Nonlinear Computation in Deep Linear Networks

dbcurtis · on Sept 29, 2017

? It sounds like the author is ignoring denormals?

-edit-

Yes, the author is ignoring gradual underflow and the resulting denormal numbers.

So as you move from one binate to the next, the spacing between floating point numbers doubles or halves depending on whether you are increasing or decreasing the exponent. When you reach the binate with the most negative possible exponent, you have two choices: a) round toward zero, which leads to a huge non-monotonic jump in the spacing of numbers on the floating point number line. This is a great annoyance to numerical analysts and leads to convergence instabilities. That is why any modern computer used for numerical work incorporates choice b) gradual underflow, which implies that you must allow non-normalized numbers in the two binates (the two being + and - sign bit) of the most negative exponent, which has the effect of creating another pair of binates around zero. This keeps the spacing of numbers on the floating point number line the same in the four binates around zero. Numerical algorithms are then much more stable.

I haven't looked at what GPU's do, I strongly suspect that they round toward zero, because first of all it doesn't matter much to graphics applications, and secondly, the typical method of handling denormals is to take a trap and drop into software emulated floating point because the cost of the additional hardware to handle denormals is very large and the hardware complexity is crazy-making. A GPU isn't going to want to break the pipeline for a denormal.

aray · on Sept 29, 2017

It looks like nvidia GPUs treat denormals as zeros for single-precision floating point math: http://developer.download.nvidia.com/assets/cuda/files/NVIDI... (sections 4.1 and 4.2)

dbcurtis · on Sept 29, 2017

In the context of graphics processing that trade-off totally makes sense.

Thanks for doing the homework that I was too lazy to do :)

It seems to me that in the context of NN computations, using the lack of gradual underflow as a non-linear element is going to severely limit the dynamic range of the neurons. On the plus side, the non-linear element is a computational freebie. But in addition to limited dynamic range, it makes the NN ridiculously non-portable across hardware implementations.

scott-gray · on Sept 29, 2017

Actually if you read section 4.6 of that paper you'll see that denormals are the default on sm_20 and above. But you can see in that same section this this can easily be disabled with the ftz flag.

I had to give Jakob custom gemm kernels to do this research. Not sure why the denormal point was left out of this blog as it's pretty critical to the whole experiment.

scott-gray · on Sept 30, 2017

So a minor correction here. We did explore placing ftz on various instructions inside the matmul ops, but it turns out you don't need anything more than what is already baked into tf by default. All tf gpu primitives are built with -nvcc_options=ftz=true. This means you have an implicit non-linearity after any non-matmul op (provided the scale of computation is near 1e-38). Matmul ops are called through cublas and have denormals enabled.
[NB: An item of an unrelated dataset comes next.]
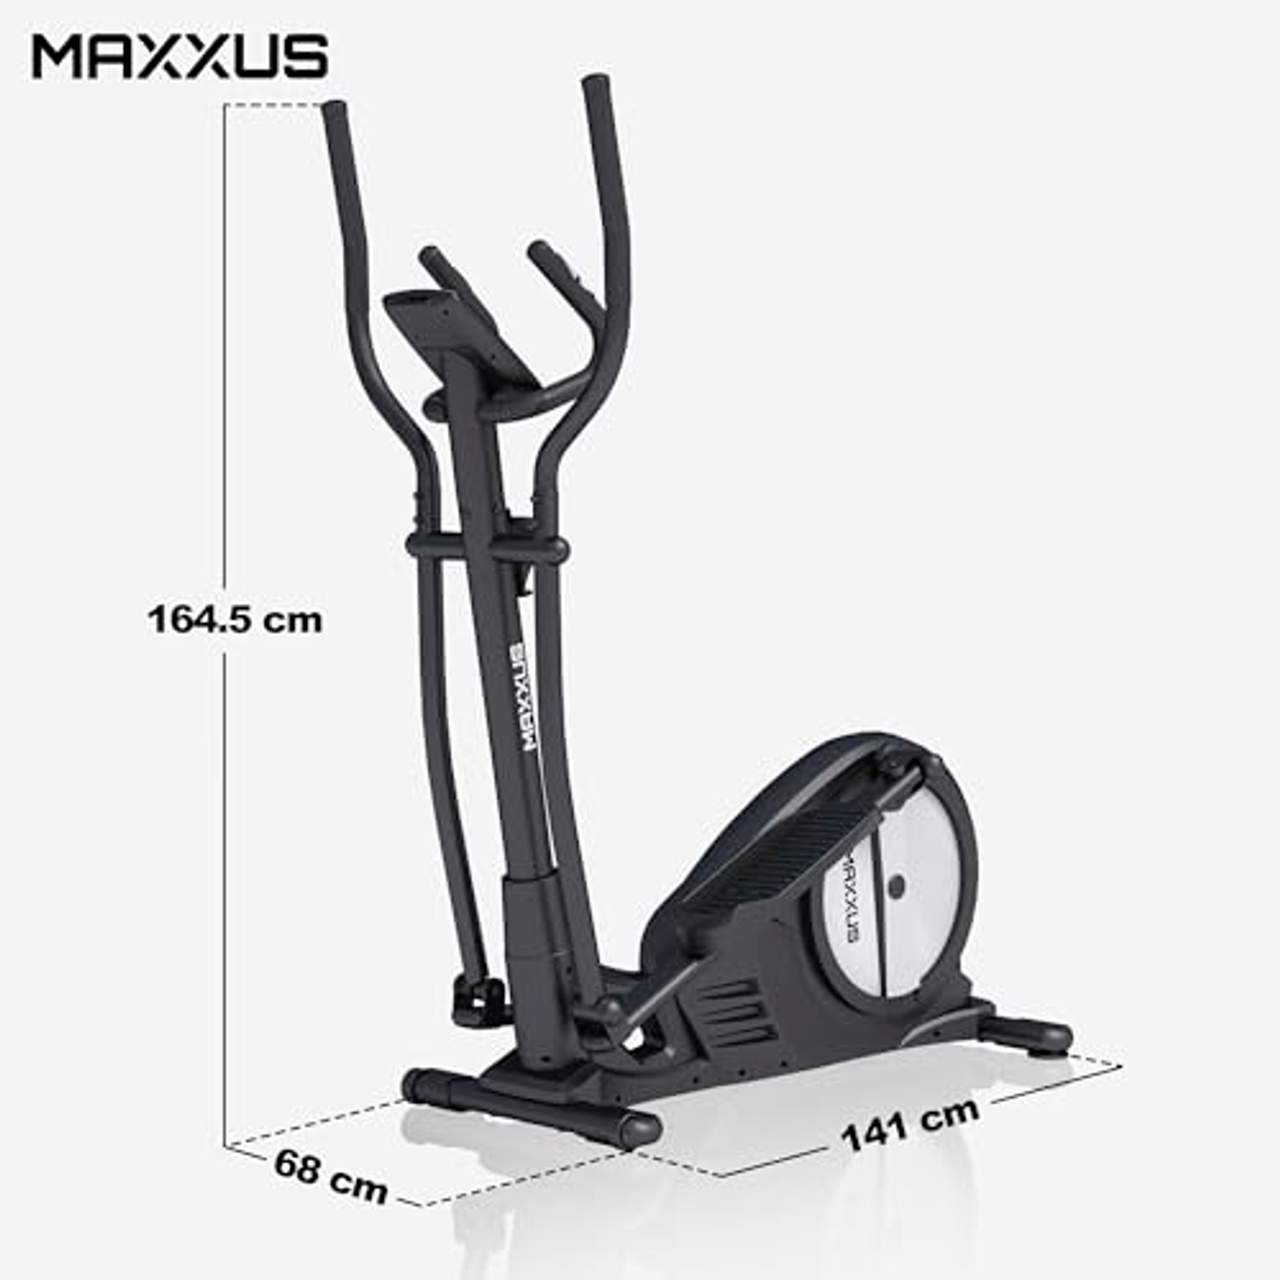 Maxxus Crosstrainer CX

joe_the_user · on Sept 29, 2017

I'm not sure why you say "ignore".

As I read this, the author claims to have created a naive "linear" network akin regular deep learning networks but without the added (explicitly) non-linearity and shows it's trainable. He acknowledges it has to operate through non-linearity (indeed underflow) and so the mechanisms you mention sound compatible with his findings.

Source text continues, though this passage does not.